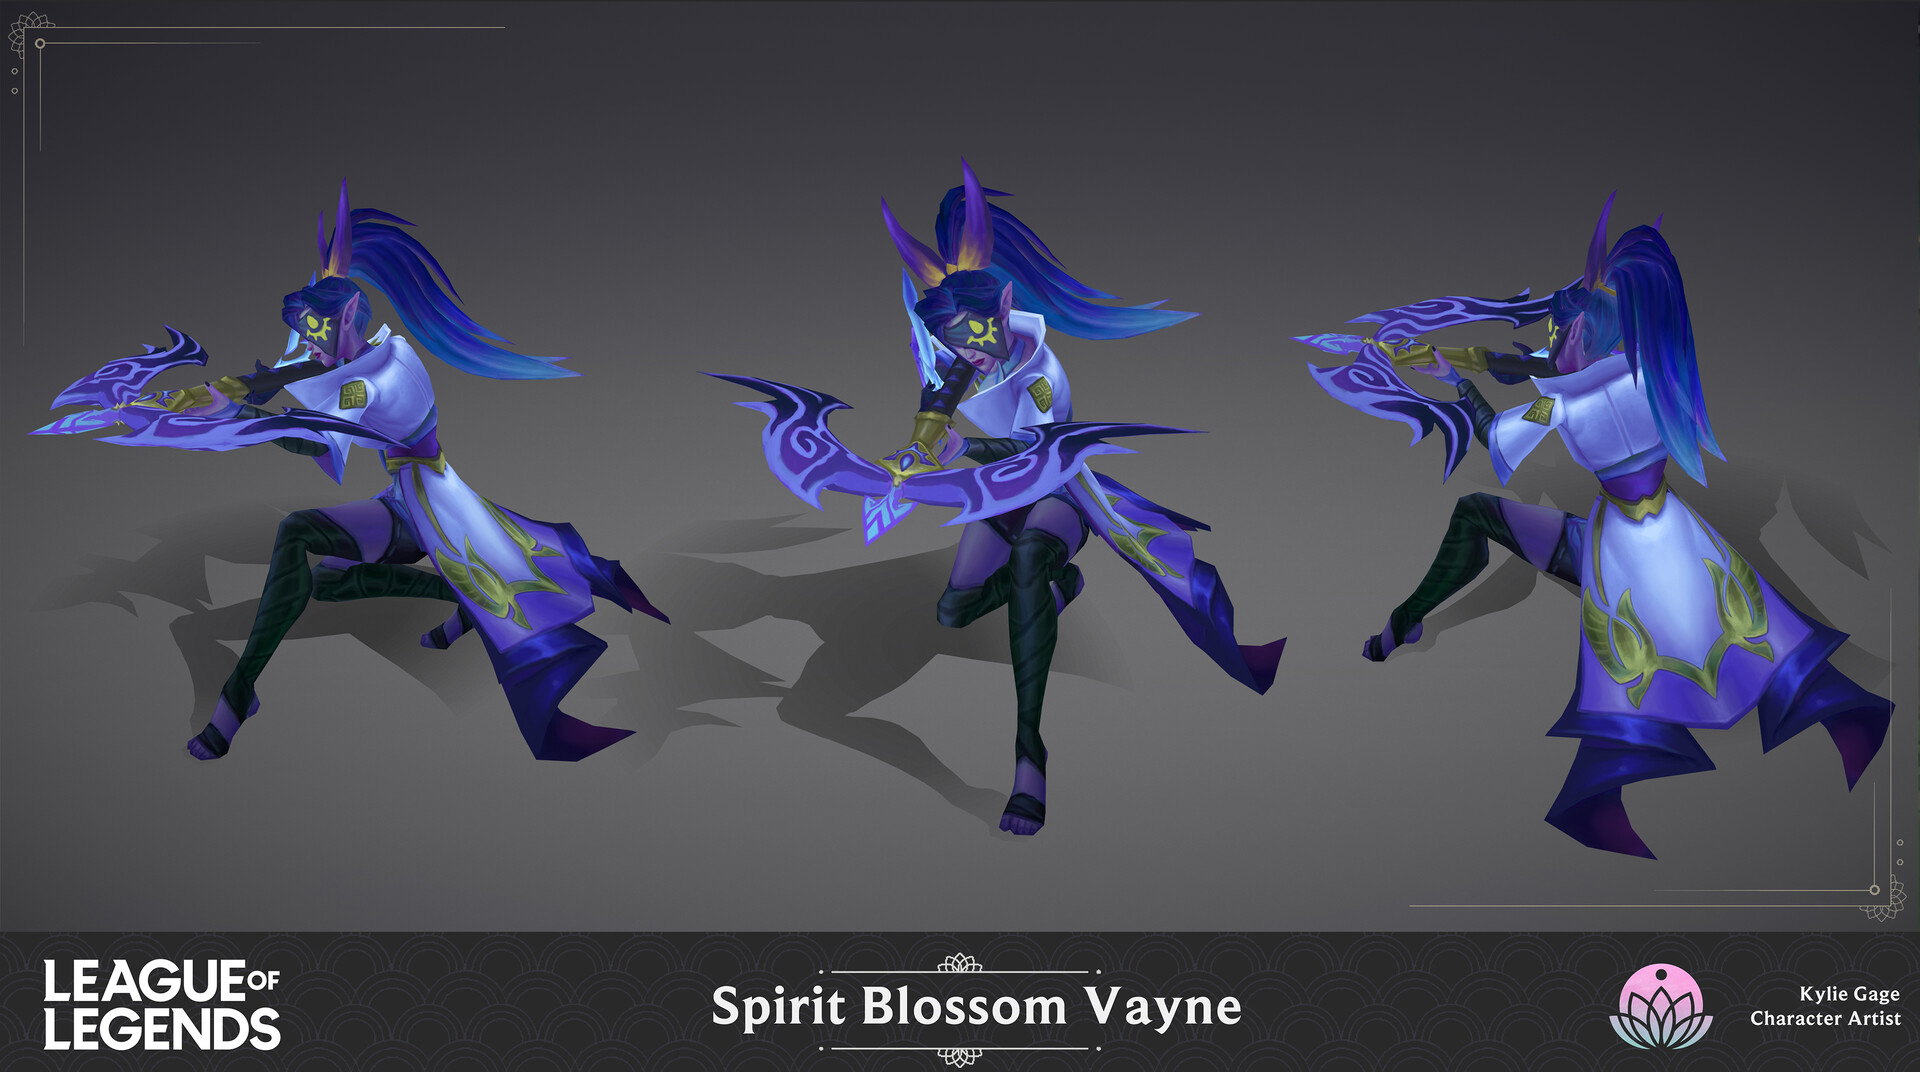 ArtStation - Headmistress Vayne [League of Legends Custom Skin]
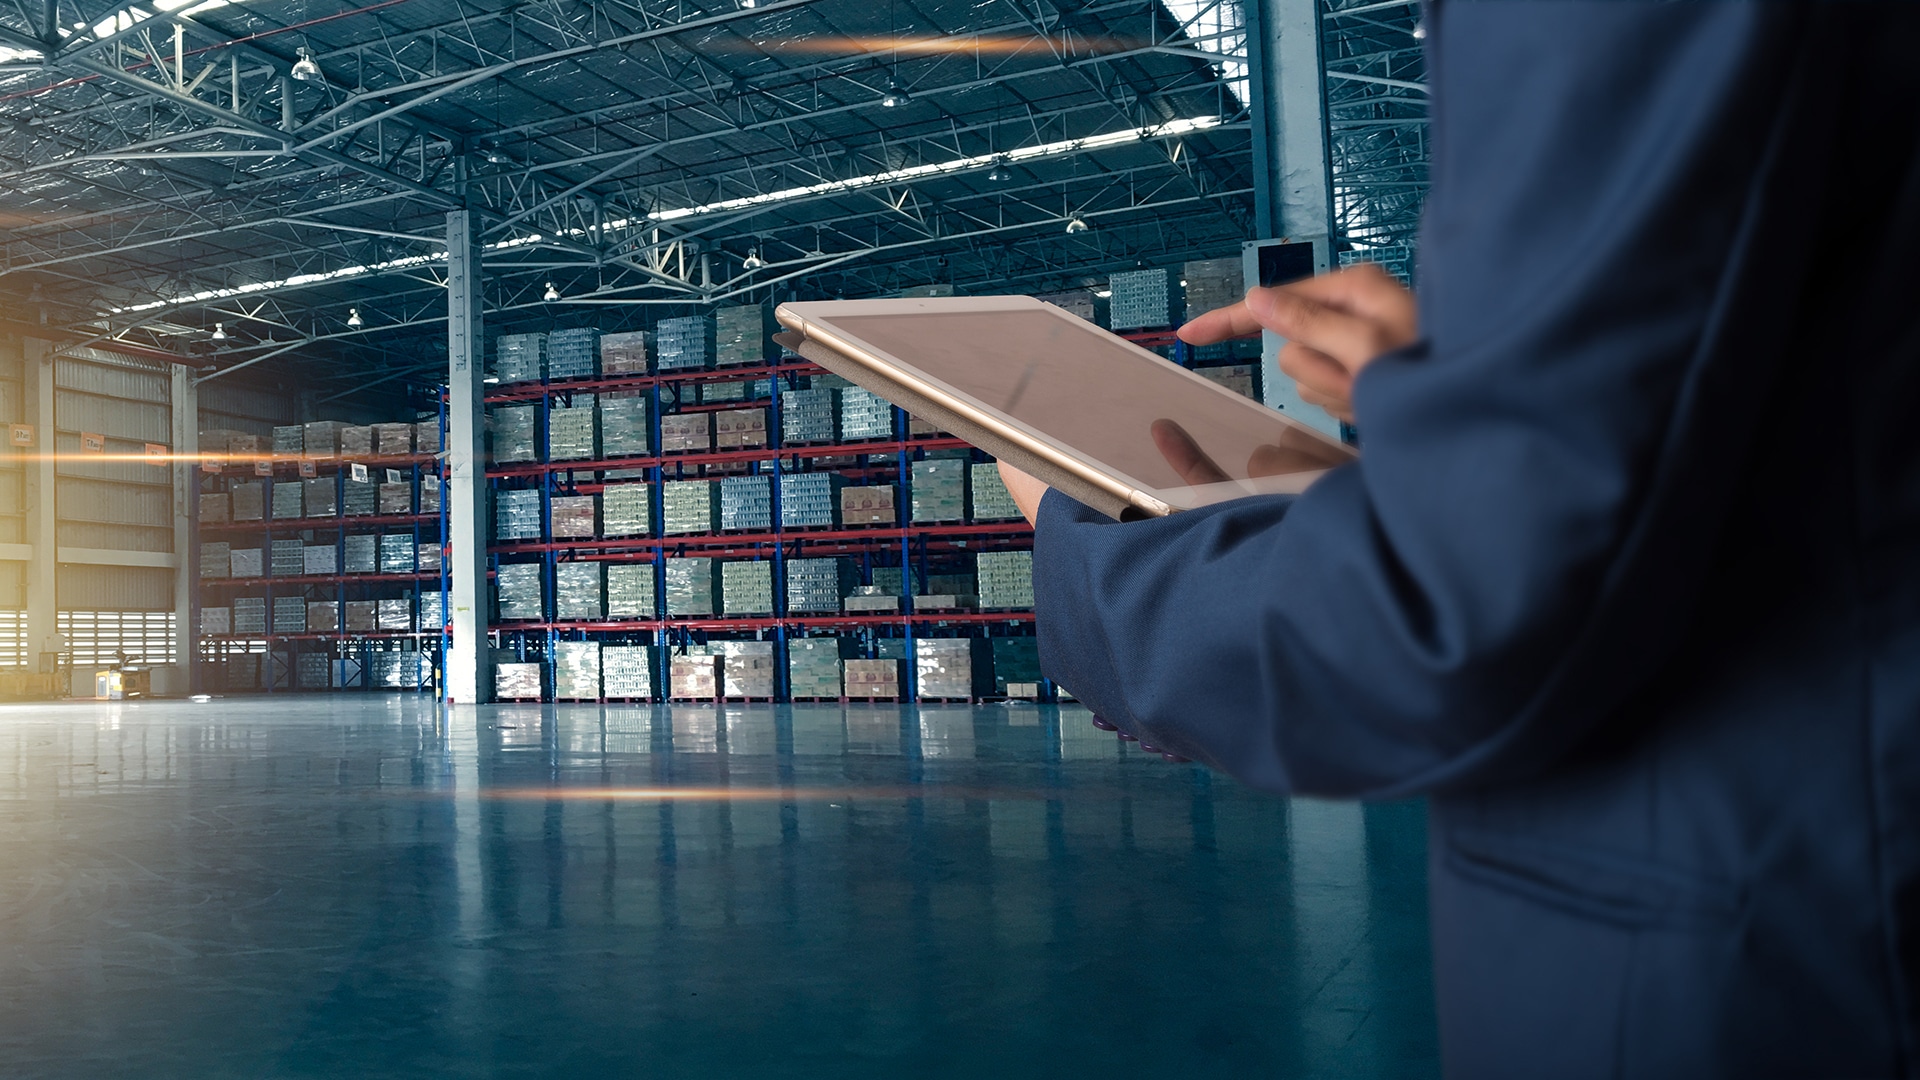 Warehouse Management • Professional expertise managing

* * *

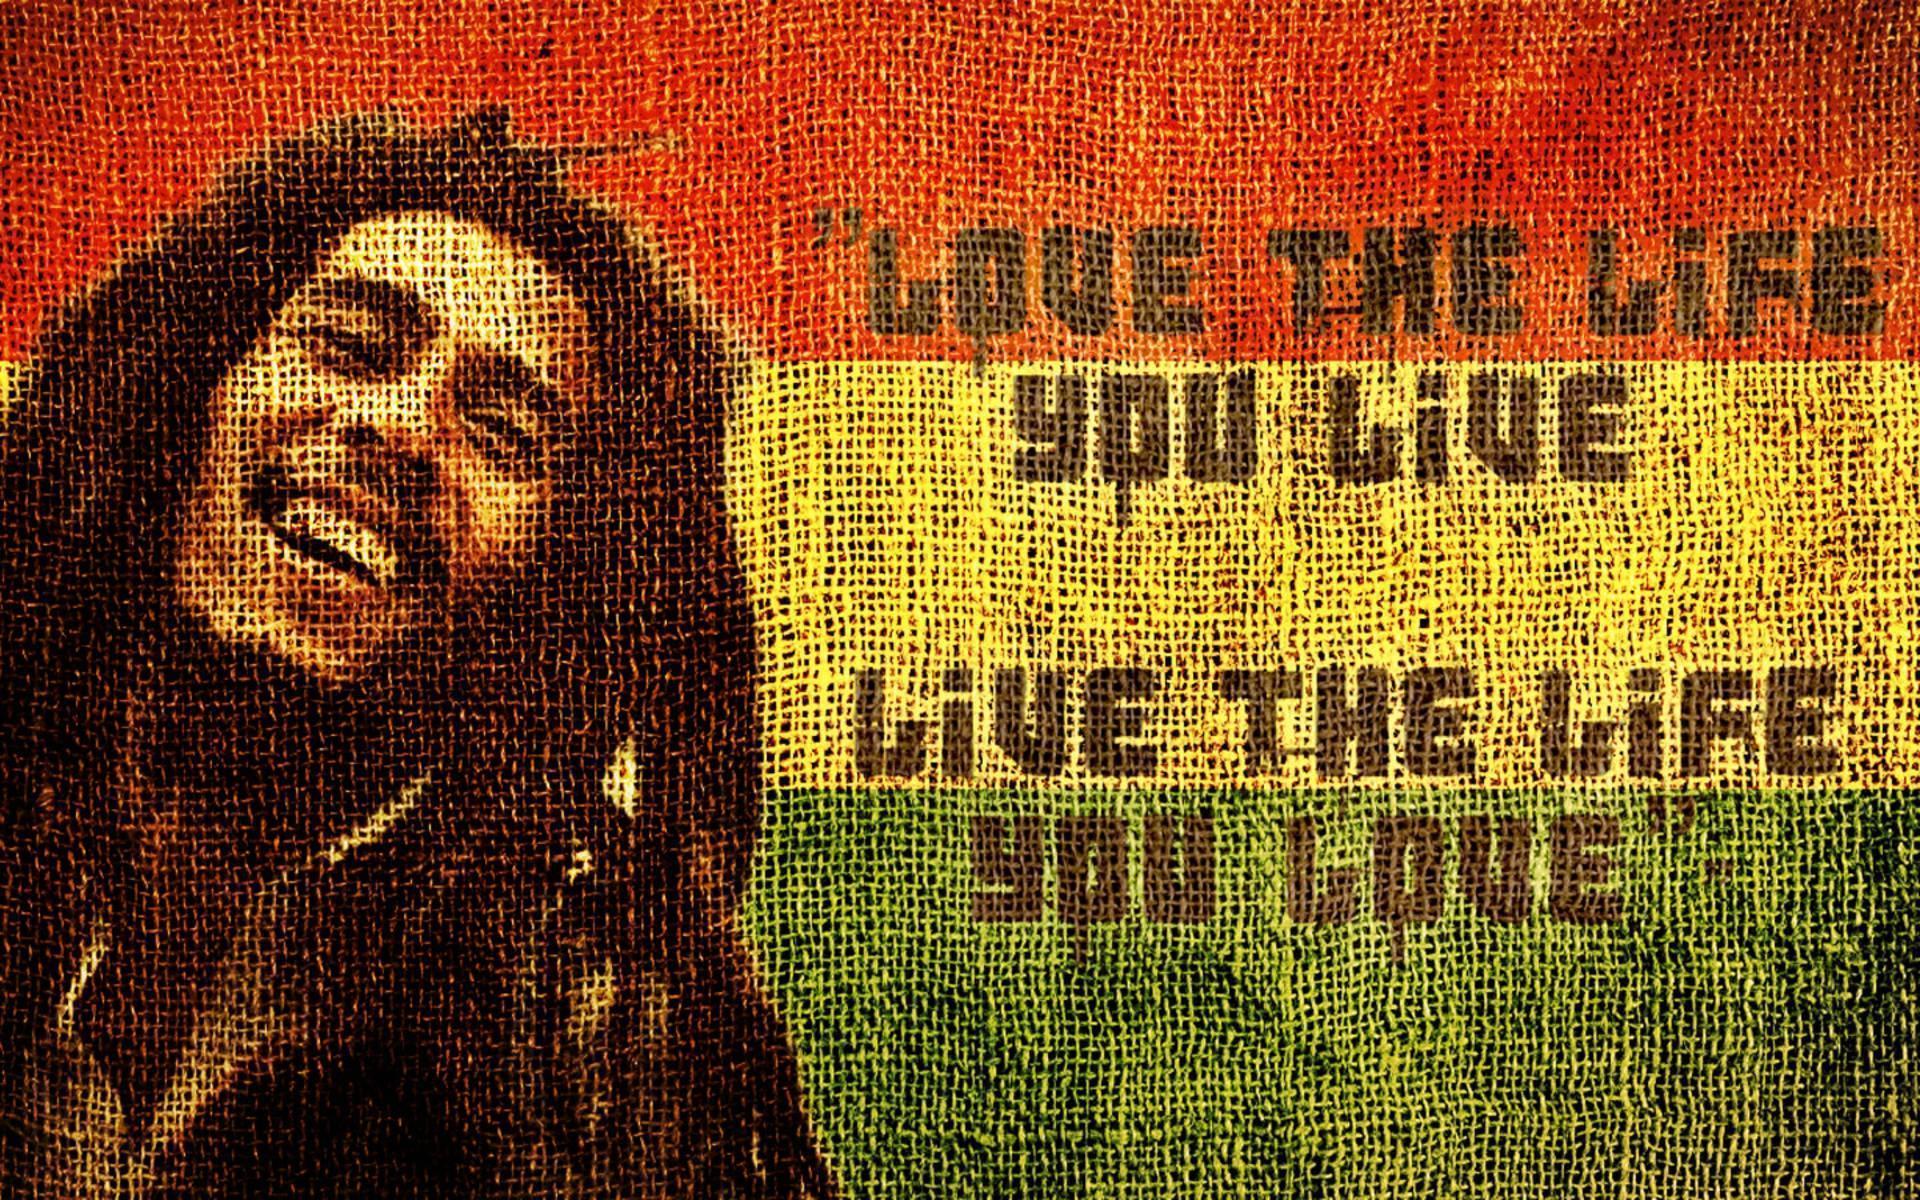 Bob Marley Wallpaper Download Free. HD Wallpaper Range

● WHAT TO DO
All lines above starting at the one with "ArtStation - Headmistress" and ending at the one with "Warehouse Management •", inclusive, are to be printed again exactly, with the pictures left out.

● REPLY
 ArtStation - Headmistress Vayne [League of Legends Custom Skin]
 Warehouse Management • Professional expertise managing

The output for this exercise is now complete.